_YOUR ASSIGNMENT_: An exact copy is needed of each line from the one including "Imagen de la" through the last line of the entries, both ends counted, with nothing added.

Stored entries
▬▬▬

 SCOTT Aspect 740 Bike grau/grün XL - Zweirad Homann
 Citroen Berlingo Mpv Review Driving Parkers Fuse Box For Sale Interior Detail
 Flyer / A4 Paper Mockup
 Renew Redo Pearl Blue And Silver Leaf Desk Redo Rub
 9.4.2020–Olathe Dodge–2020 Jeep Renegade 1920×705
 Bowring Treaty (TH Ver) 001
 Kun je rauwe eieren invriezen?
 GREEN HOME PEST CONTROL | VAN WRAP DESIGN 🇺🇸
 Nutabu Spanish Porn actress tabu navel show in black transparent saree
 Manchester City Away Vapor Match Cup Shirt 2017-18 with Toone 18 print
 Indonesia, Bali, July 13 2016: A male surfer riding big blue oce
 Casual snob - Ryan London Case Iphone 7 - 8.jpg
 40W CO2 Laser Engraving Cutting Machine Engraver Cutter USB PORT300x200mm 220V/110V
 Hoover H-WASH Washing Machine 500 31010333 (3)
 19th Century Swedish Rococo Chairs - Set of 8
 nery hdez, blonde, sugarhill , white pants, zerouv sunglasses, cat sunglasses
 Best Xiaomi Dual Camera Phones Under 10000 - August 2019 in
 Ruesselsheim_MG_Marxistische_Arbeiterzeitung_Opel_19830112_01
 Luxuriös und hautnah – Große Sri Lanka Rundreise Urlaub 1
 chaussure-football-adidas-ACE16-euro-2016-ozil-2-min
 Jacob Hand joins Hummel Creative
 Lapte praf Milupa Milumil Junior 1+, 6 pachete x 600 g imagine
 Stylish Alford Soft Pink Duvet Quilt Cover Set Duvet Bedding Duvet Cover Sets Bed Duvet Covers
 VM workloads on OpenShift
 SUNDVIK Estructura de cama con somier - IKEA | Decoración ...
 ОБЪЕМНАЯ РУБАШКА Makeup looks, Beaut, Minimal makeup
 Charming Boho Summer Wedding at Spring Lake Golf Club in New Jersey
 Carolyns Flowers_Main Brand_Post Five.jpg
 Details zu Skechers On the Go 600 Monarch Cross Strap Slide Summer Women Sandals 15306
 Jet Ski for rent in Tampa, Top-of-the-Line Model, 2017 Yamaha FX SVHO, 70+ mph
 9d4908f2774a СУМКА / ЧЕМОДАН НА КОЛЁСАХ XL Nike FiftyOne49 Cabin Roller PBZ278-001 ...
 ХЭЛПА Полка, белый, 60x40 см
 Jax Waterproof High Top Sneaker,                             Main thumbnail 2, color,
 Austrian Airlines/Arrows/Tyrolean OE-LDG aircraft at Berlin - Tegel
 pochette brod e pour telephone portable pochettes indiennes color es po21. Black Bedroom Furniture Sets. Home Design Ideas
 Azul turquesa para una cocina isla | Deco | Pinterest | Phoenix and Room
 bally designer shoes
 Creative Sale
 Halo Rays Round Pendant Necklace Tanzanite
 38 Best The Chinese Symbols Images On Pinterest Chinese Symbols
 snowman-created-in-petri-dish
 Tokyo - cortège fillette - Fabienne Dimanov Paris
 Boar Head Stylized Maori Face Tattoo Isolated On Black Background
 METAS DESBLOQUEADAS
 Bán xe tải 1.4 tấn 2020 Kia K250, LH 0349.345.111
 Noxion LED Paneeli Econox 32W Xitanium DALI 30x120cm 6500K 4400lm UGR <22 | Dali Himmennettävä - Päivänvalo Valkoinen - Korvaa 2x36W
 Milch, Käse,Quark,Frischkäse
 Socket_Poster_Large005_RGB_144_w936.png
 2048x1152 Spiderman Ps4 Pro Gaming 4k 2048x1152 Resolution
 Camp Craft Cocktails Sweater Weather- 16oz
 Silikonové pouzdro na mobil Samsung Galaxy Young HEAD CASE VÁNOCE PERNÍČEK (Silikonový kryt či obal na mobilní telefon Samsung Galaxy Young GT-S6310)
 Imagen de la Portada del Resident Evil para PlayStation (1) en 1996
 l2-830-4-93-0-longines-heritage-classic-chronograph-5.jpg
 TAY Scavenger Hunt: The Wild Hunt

▬▬▬

_EXPECTED OUTPUT_:
 Imagen de la Portada del Resident Evil para PlayStation (1) en 1996
 l2-830-4-93-0-longines-heritage-classic-chronograph-5.jpg
 TAY Scavenger Hunt: The Wild Hunt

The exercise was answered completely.